Z80 Z180 Z280 Z8 S8 8031 8051 H8/300 H8/500 90S1200 32F417
 

Offline wek

  • Contributor
  • Posts: 9
  • Country: sk
Quote
Can these be read in debugging / single stepping?

Yes, in the same way as you do with all other peripherals' registers. Just don't forget that using the debugger may be intrusive.

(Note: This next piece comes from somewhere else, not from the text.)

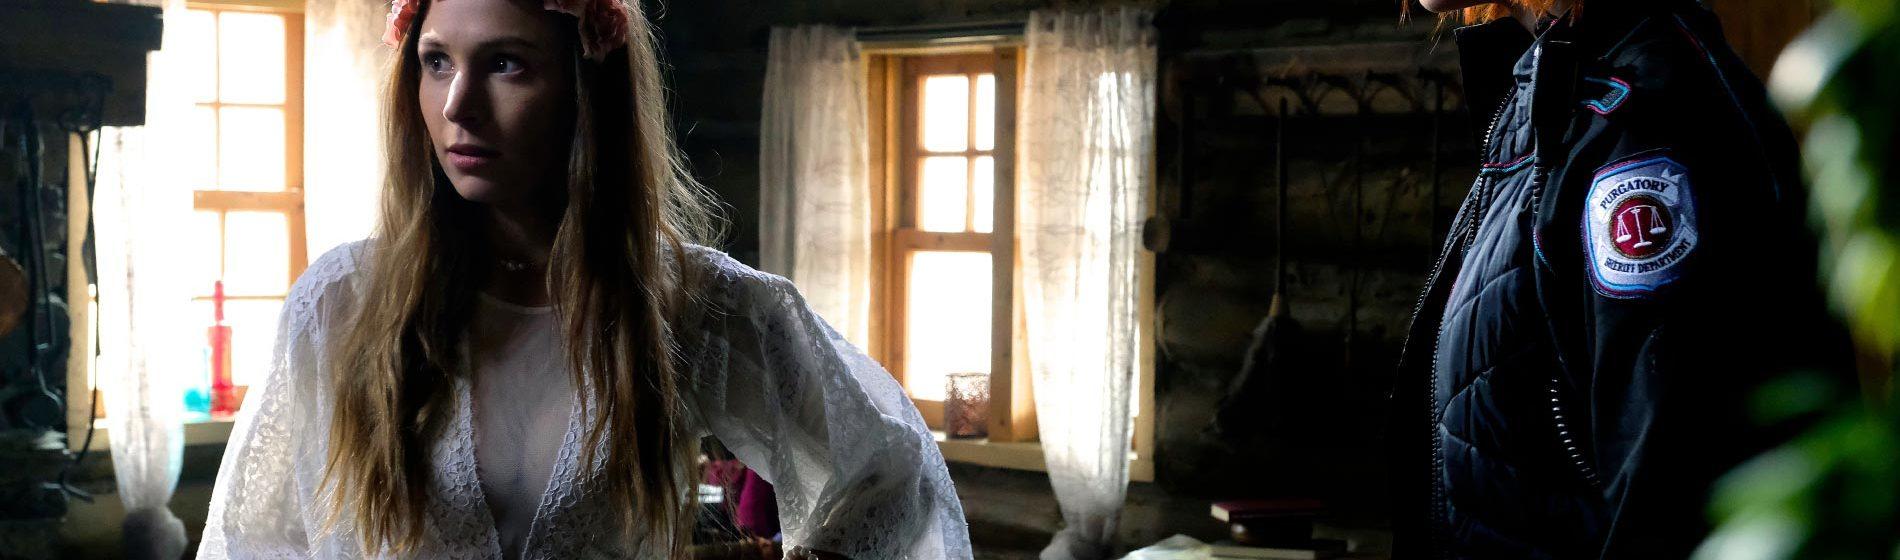 Wynonna Earp Season 2 Episode 11

Or use your favourite method of choice - output to SWO, print to UART, whatever works for you.

JW
 

Offline peter-h

  • Frequent Contributor
  • **
  • Posts: 741
  • Country: gb
  • Doing electronics since the 1960s...
OK I have some data here:

EXTI is all zeroes



Here is RCC, with DIV4 on PCLK2



and here is RCC with DIV16



APB2ENR is



It gets better. This is 0-26MHz span and you can see no subharmonics



I also checked the 25MHz with a delay timebase scope, magnification about 1000:1, and triggering from the input (not from the delayed segment) and there is no jitter. So all this stuff about jitter is definitely nonsense, in this case. Also looking at the frequency division config (posted earlier) one can see it goes direct.
« Last Edit: May 21, 2021, 06:33:11 pm by peter-h »
Z80 Z180 Z280 Z8 S8 8031 8051 H8/300 H8/500 90S1200 32F417
 

Offline ajb

  • Super Contributor
  • ***
  • Posts: 2062
  • Country: us
How this hangs together, I don't know. It either hooks up the 1kHz tick (and there are two of those, one from SysTick and one from TIM6, and if you ask why there are two 1Khz ticks, yes it seems dumb, but search for FreeRTOS interrupt priority issues with Systick; it seems a well known issue and this is the approach they recommend) or there is some timer associated with the ETH hardware (like ETH has its own DMA controller). Or it is using one of the 32F4 timers in which case we may have found something, but why isn't that all over google? :)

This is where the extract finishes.